Why Systems Thinking Competence
When we have a cup of tea, coffee, or milk; when we get dressed, and when we walk, cycle, drive a car, take a bus to get to a desk, or fieldwork – whatever be our actions, local and global contexts constantly influence our lives. In turn, our behaviour, choices, preferences for different goods and services shape the global context. This intricate connection is the reality for each of us – wherever we are and whether we realize it or not.

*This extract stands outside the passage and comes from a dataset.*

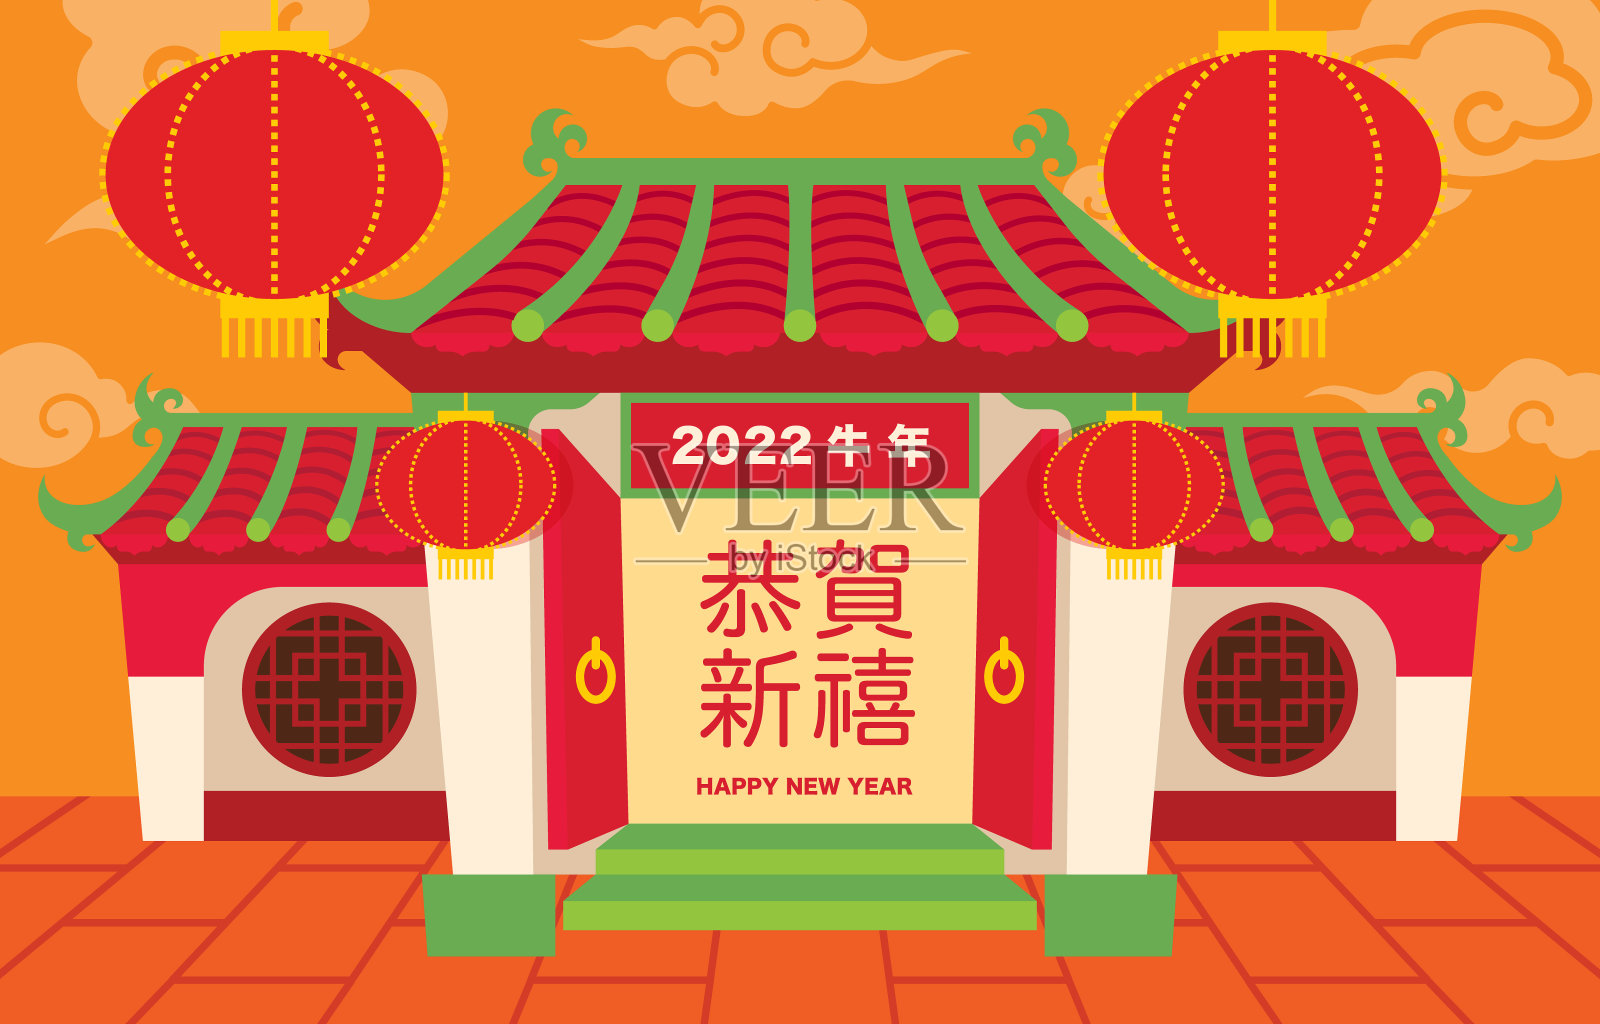 2022年春节快乐。平面设计中国传统民居和东方云朵背景。门口有书法招牌。新年快乐，繁荣或幸运设计模板素材

The connections exist because the production, trade, movement of goods and products through the supply chain, and consumption of the goods and services we use in our daily lives for our basic needs, wants and well-being are dependent on natural resources such as energy, water, soil, and raw materials.
There are various ways of using natural resources for achieving human well-being. Some production and consumption systems are less resource intensive. Others are a lot more, and lead to severe stress on the natural resources, as well as on human society.
Pollution, water scarcity, soil degradation, loss of biodiversity, and climate change are crucial indicators of the stress on natural resources while poverty, hunger, and displacement reflect a negative impact on human society. These continue to increase with increasing global population and consumption levels.
Degradation of natural habitats has different types of impacts on human beings. These may include diminished productivity of farms, reduced access to nutritious food, livelihoods, and income. They may also be due to the arrangements made (or not made) among people (communities, states, countries), which may lead to conflicts of different kinds. In extreme circumstances conflicts may result in war and violation of human rights.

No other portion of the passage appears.